* _WHAT THE TASK REQUIRES_
Please repeat exactly the lines below from the line with "Cellulose Hairbrush" to the line with "Sausage Tortellini Soup - Simple Joy", including both, and leave out every picture.
[Opening SOURCE INFORMATION section]
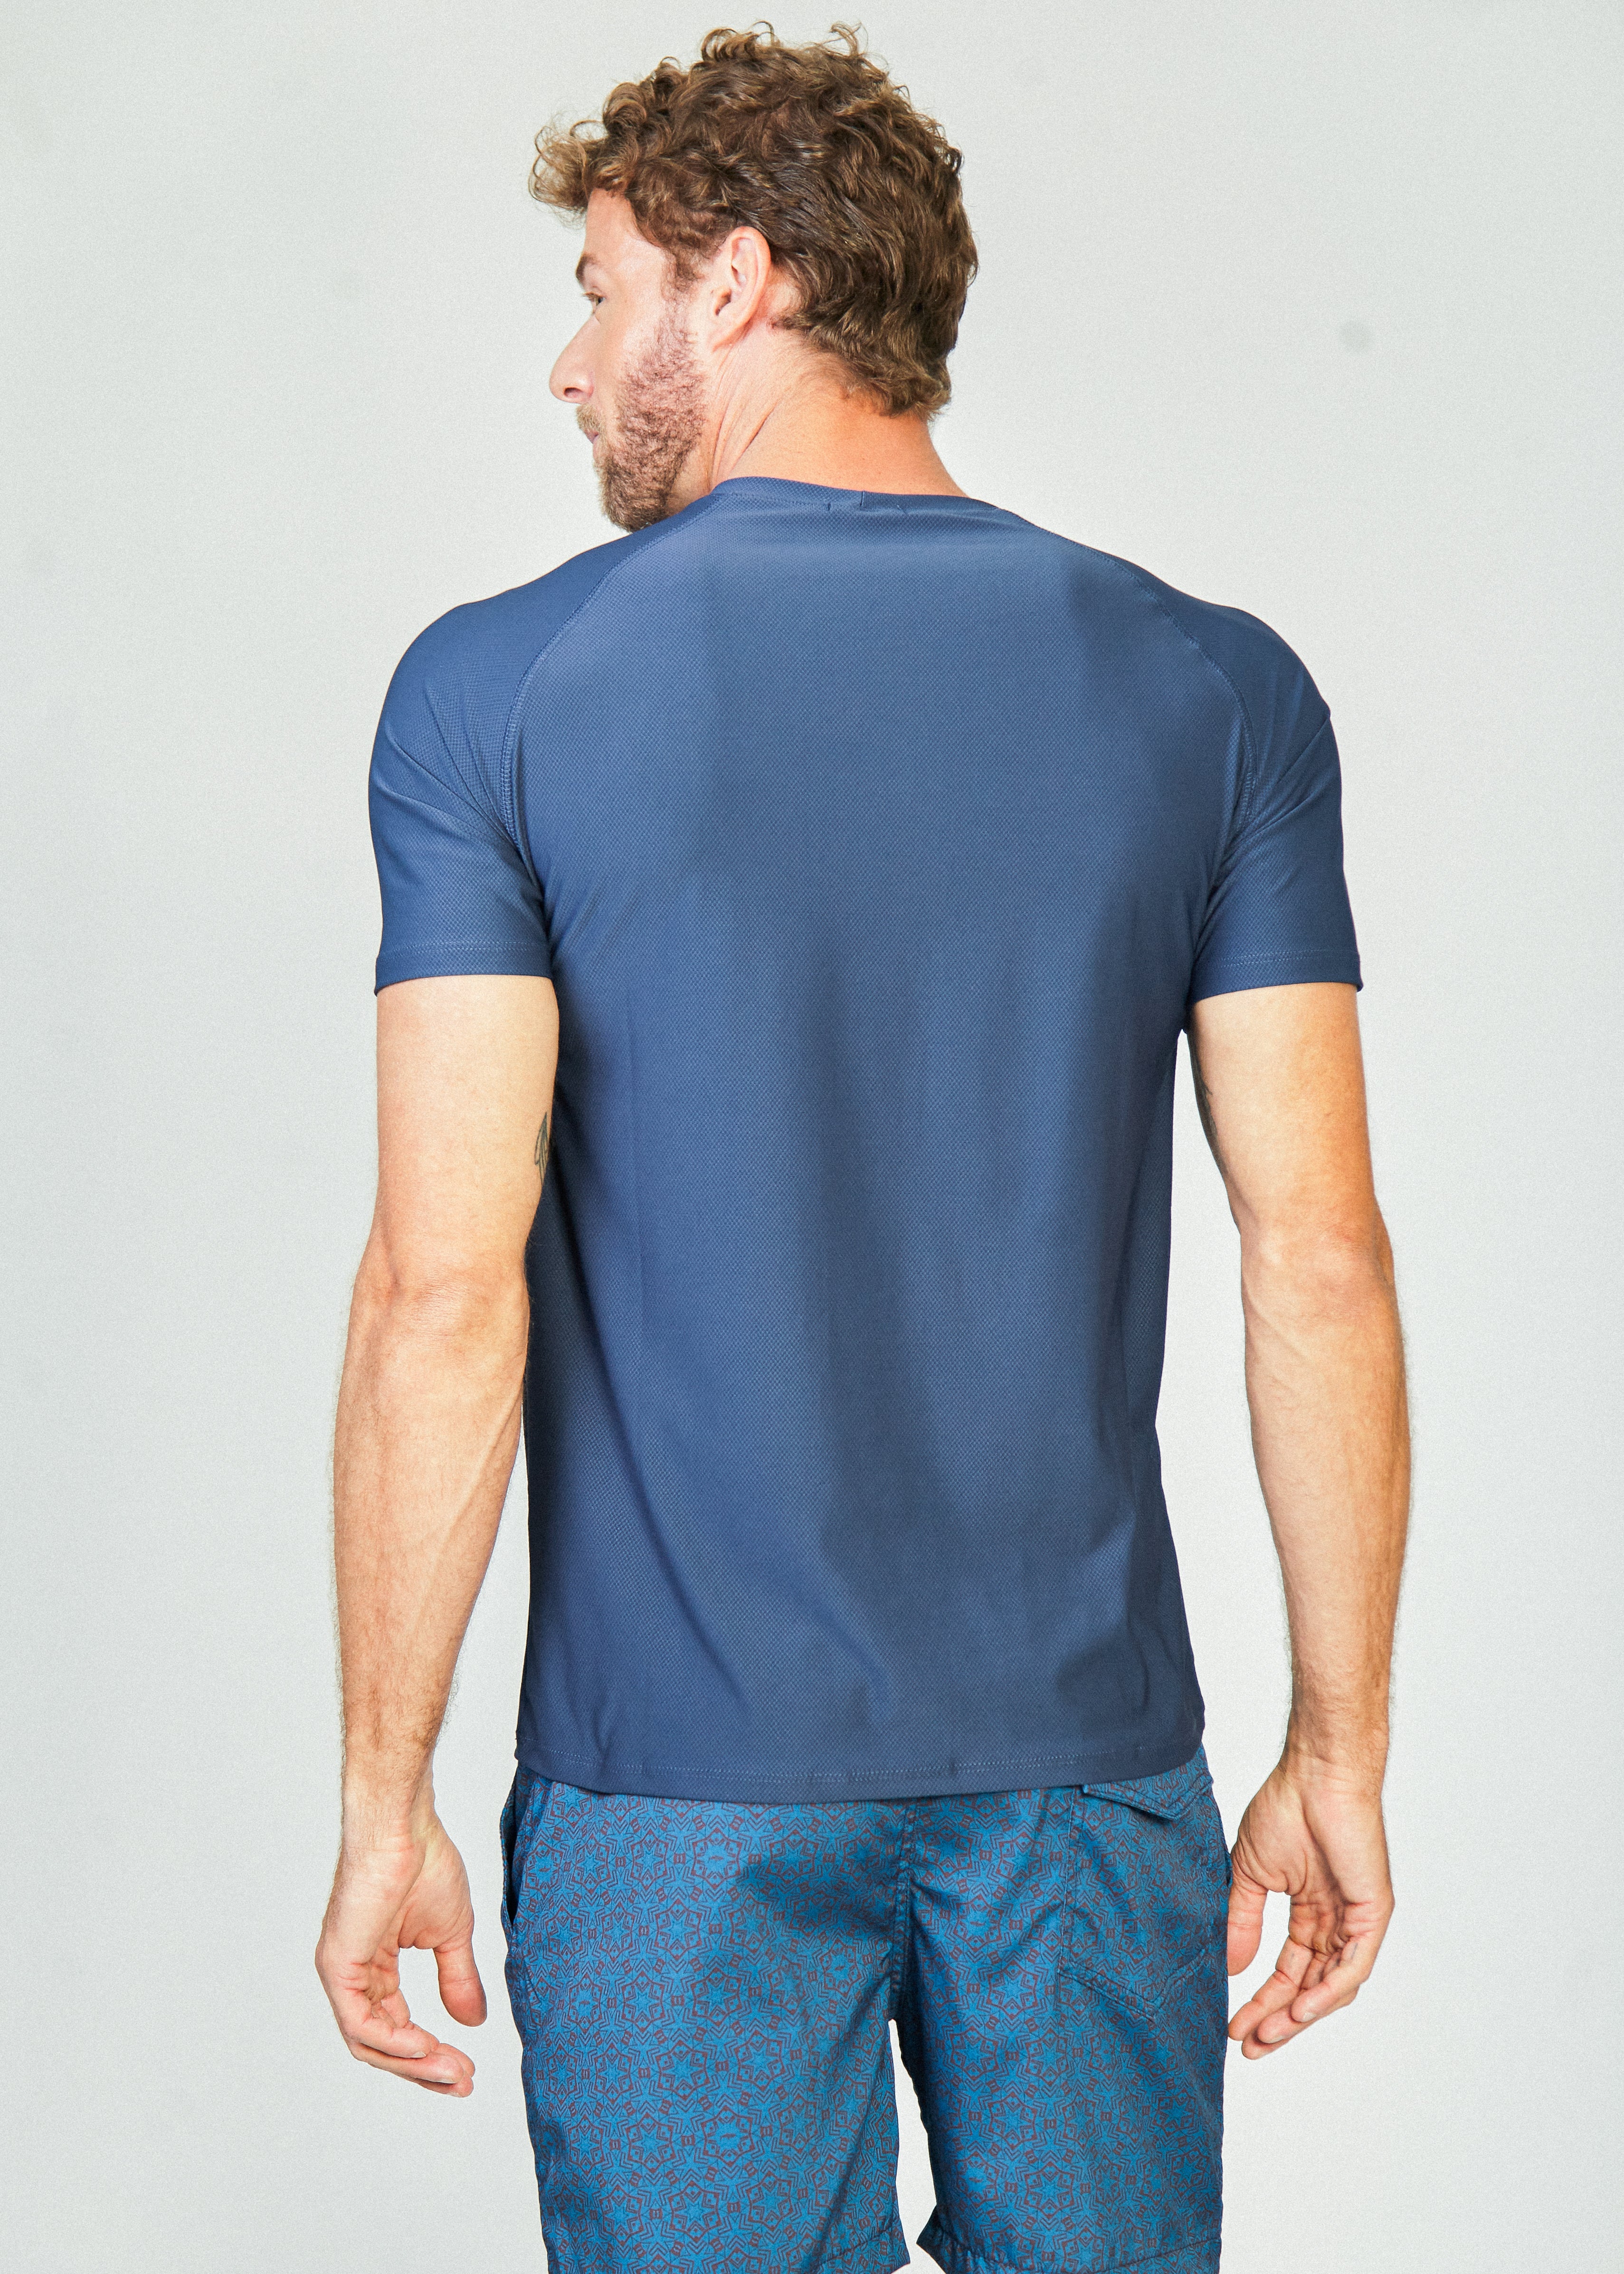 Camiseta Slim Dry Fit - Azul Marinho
[Closing SOURCE INFORMATION section]
[Opening SOURCE INFORMATION section]
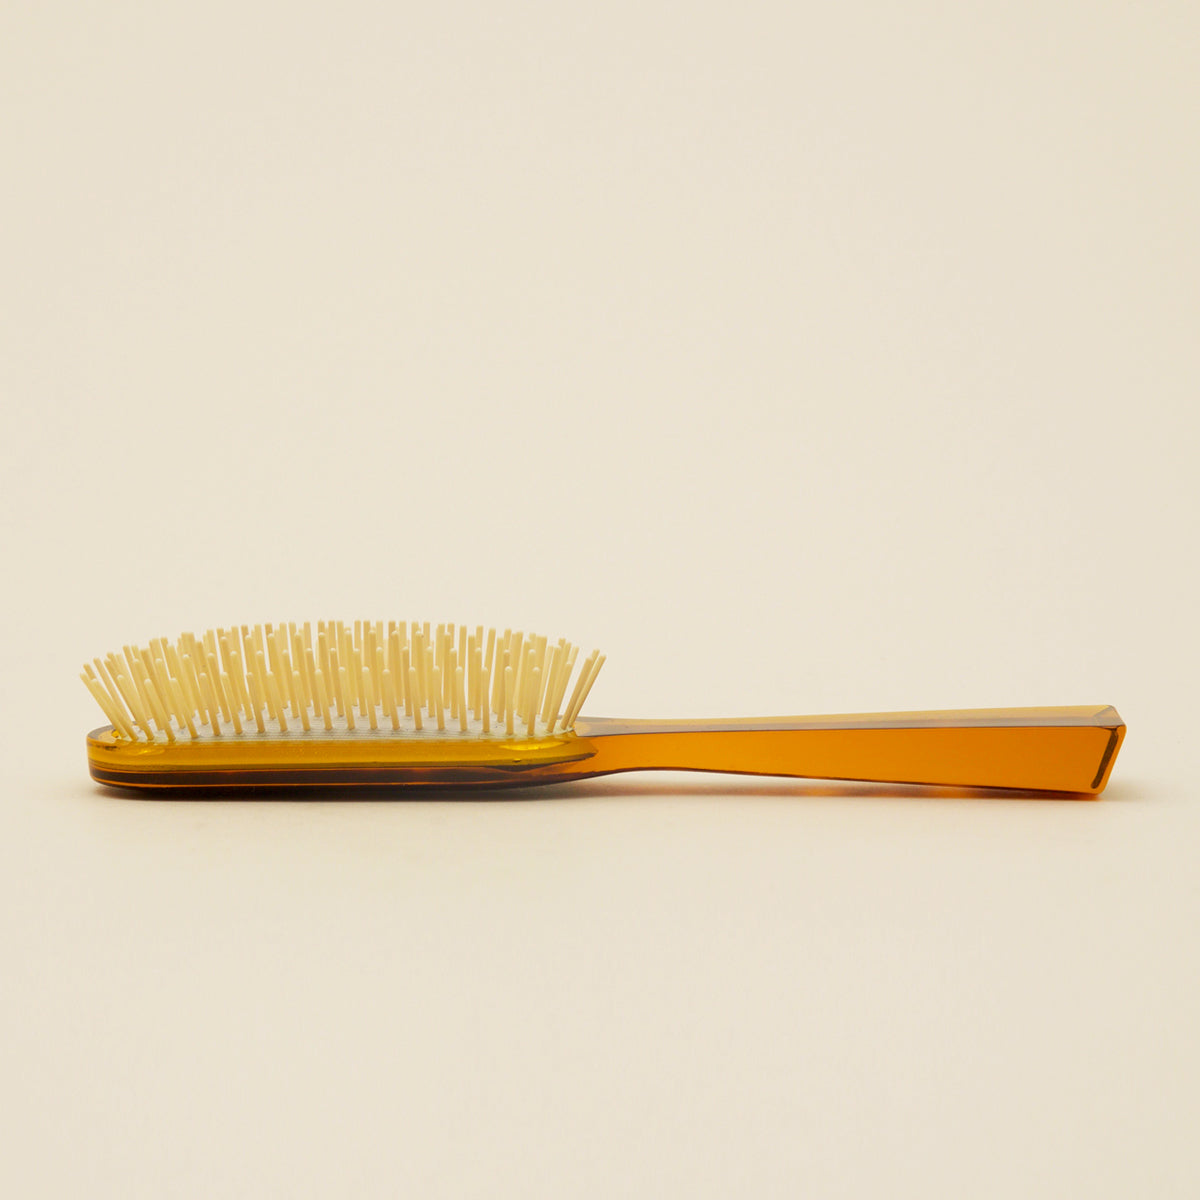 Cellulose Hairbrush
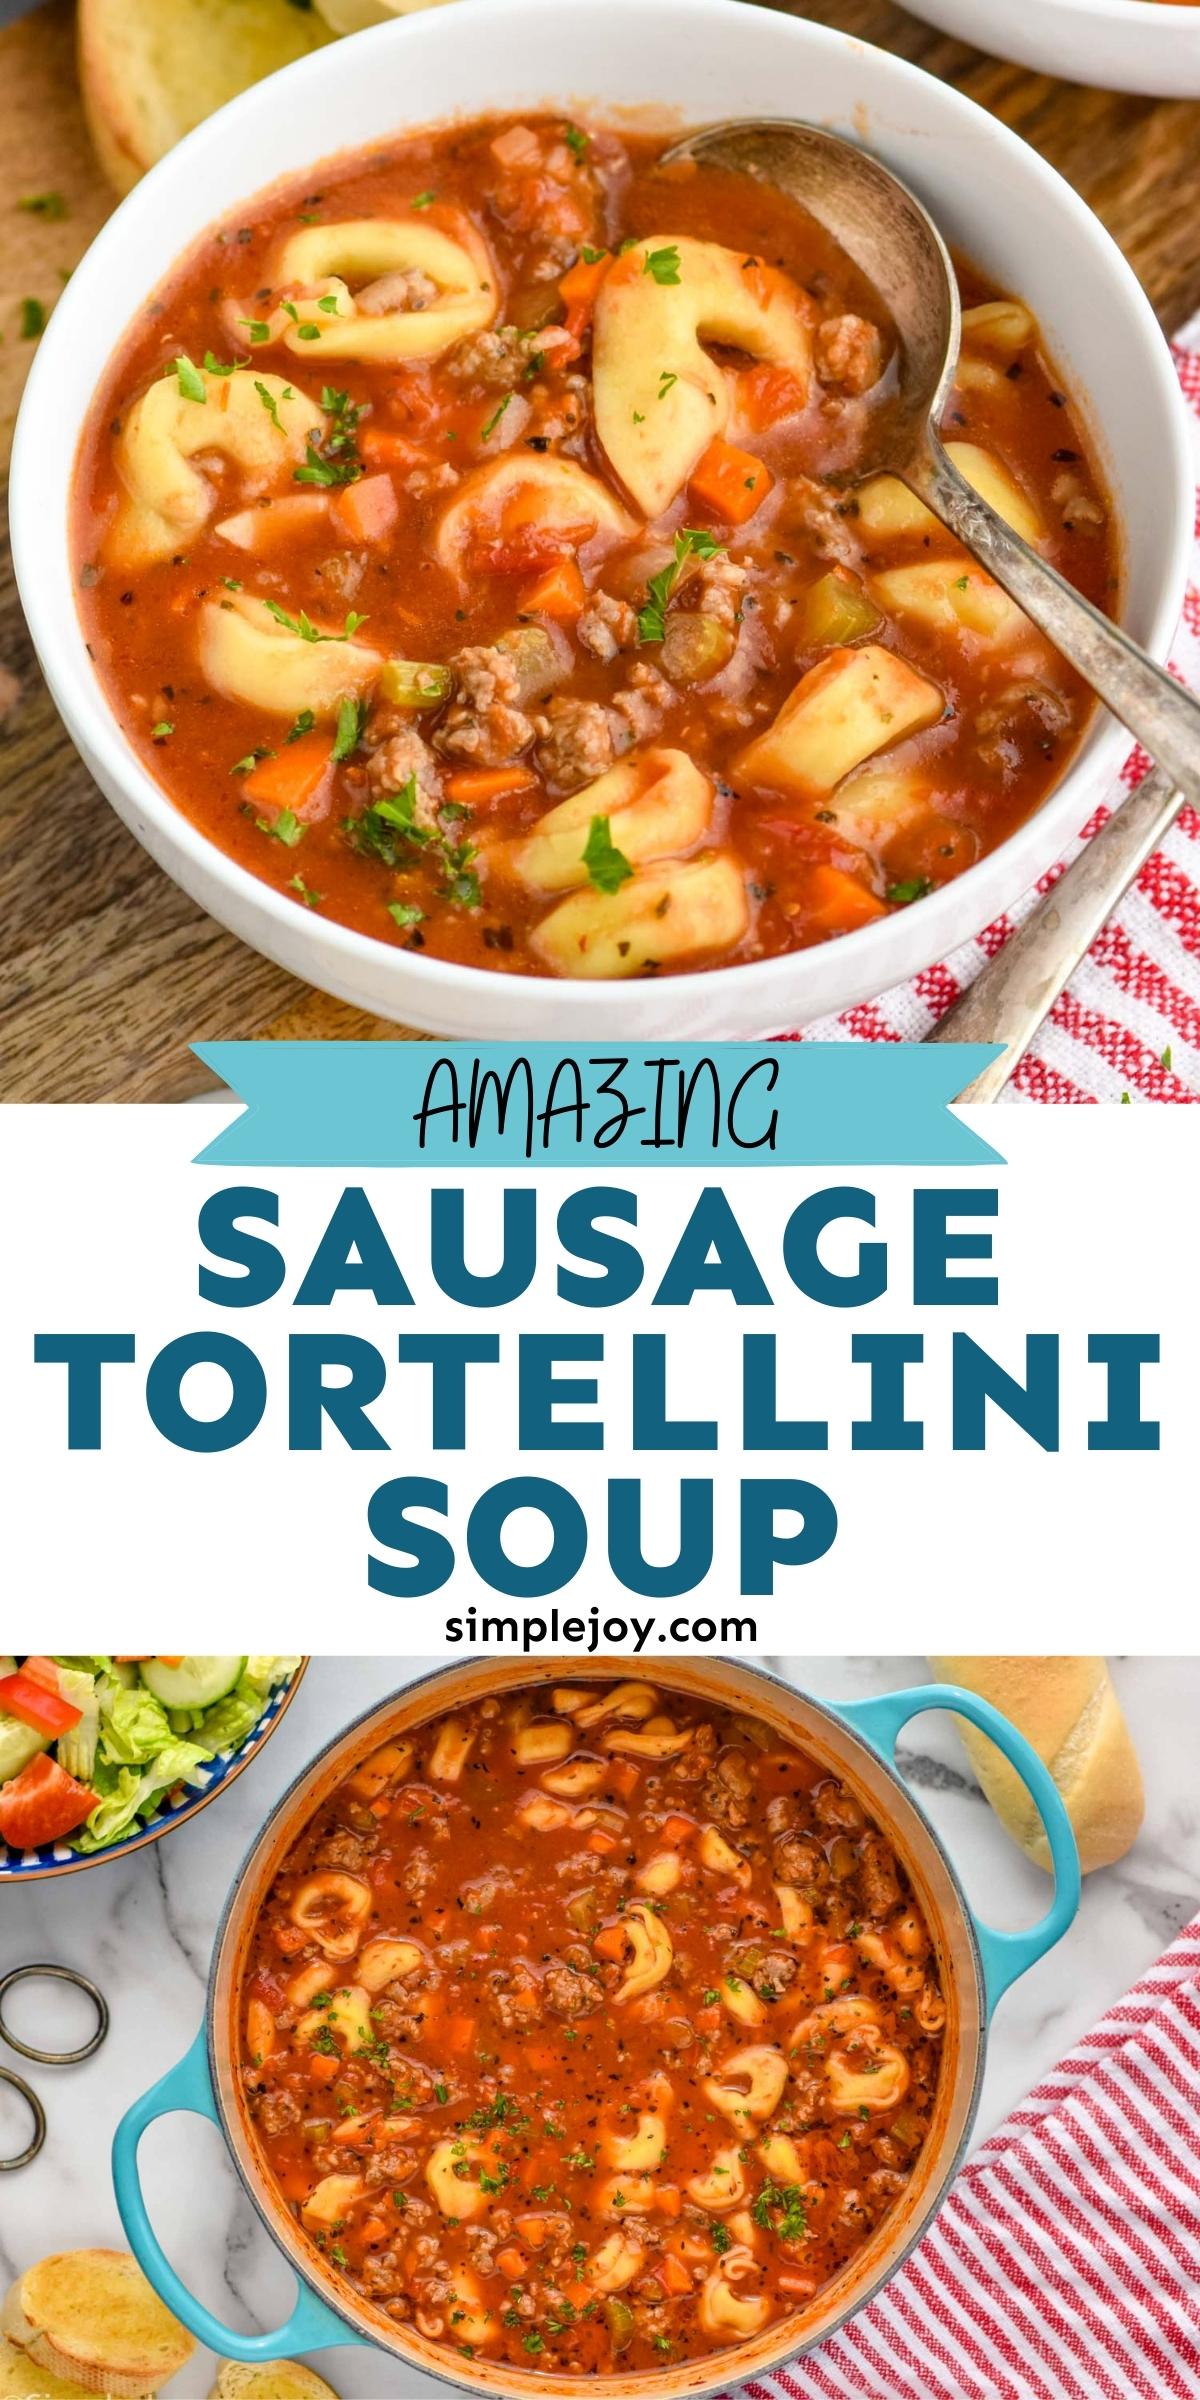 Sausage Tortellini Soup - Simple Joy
[Closing SOURCE INFORMATION section]
* _ANSWER SPACE_
 Cellulose Hairbrush
 Sausage Tortellini Soup - Simple Joy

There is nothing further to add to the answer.